In a field above my home village of Kettlewell a polka-dot jersey had been shaped onto the hillside and a farmer had somehow coloured the wool of his sheep yellow. “The BBC news team has been here to film them twice,” I was told proudly in the Blue Bell Inn.

Blue Bell IN

Chris Cummins

All the way up to Kettlewell I'd seen colourful bunting outside houses. A white pub had been painted over with red polka dots in the style of the King of the Mountains jersey and junctions were decorated with yellow painted bikes.

The Tour de France had never come this far north and it was a remarkable spectacle. There were beer tents and giant screens and thousands of amateur cyclists, often overflowing from their lycra, taking advantage of the fact that the usually busy narrow roads had been shut since 5am. By midday the crowds had been gathering for hours and they gave each amateur that passed a cheer, or a sarcastic remark if they were heading in the wrong direction.

amateur cyclists

chris cummins

All in all a million people are said to have lined the roads between Leeds and Harrogate. The Tour de France director Christian Prudhomme had dubbed Yorkshire the "Belgium of England" for its enthusiasm for cycling.

On the short but fierce climbs on the narrow roads through the moorland spectators had gathered like swarming bees. You could see neither the grass nor the road for the mass of colour.

Last year’s Nairobi-born British winner Chris Froome was welcomed into usually sleepy Kettlewell with a giant sign reading “Jambo Froome. Harambee”.

I think it is fair to say nothing nearly as exciting as this had happened in Kettlewell since they filmed Calendar Girls, a movie about mature strippers, here over a decade ago.

The local shop had cashed in by selling little cycle shaped earrings and it was staying open all night.

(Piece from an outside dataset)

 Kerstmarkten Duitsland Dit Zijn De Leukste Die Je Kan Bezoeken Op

I’ve been away for a long time and it was like returning to a fairy-tale England, where little stalls sold homemade cakes and promised their tea was the best in the Dales.

a tour de france fan

chris cummins

Before he arrived with the other 197 riders, all bent over their handlebars in the cool northern English sunshine, the crowd were left to entertain themselves by cheering the fleet of advertising vehicles throwing free samples of sweeties into the crowd. There were even cheers for the motorcycle policemen.

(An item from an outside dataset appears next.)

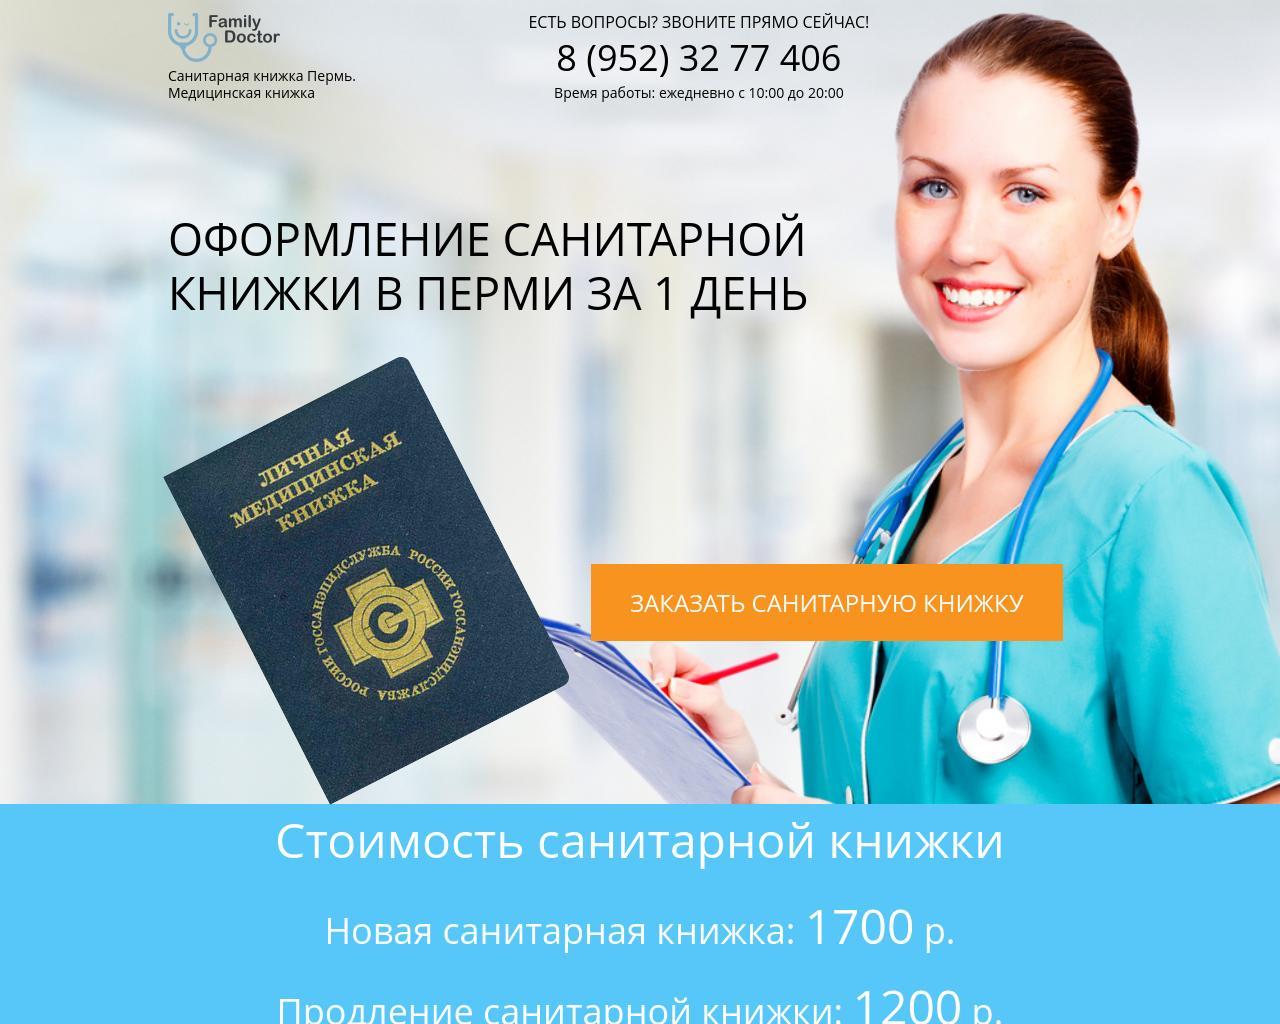 Каких врачей нужно пройти для санитарной книжки? - Народный СоветникЪ 89

There was an inevitable disappointment as the cyclists arrived, of course. We whooped as a trio of breakaway riders sped by and then laughed with delight as the bunched peleton swept over the S-bend of the 400 year old Kettlewell bridge before disappearing up the Dale towards the first big climb over Cray, a slope so steep that my 4-gear student car couldn’t make it with passengers in the back.

After hours of waiting they had arrived and disappeared within 40 seconds. “Is that it?”, asked a woman to my left. I’m afraid so – that’s the Tour de France.

It’s doubtful British sprint hope Mark Cavendish had time to read the “Go Cav” signs that locals had painstakingly chalked into the road.

We headed to the village hall where there were more bacon sandwiches and more of the warm dark beer and a big screen to follow the progress of the race to the sprint finish in Harrogate.

In the end Cavendish crashed and there were gasps of horror from the crowd. He dislocated his collar bone.

“You feel deflated don’t you?”, said Marianne, who’d been watching: “After Andy Murray in the tennis and the England football team, it's so disappointing.”

It has been a delightfully nightmarish sporting summer for British sport’s fans, but the Tour de Yorkshire is an event this region is unlikely to forget in a hurry.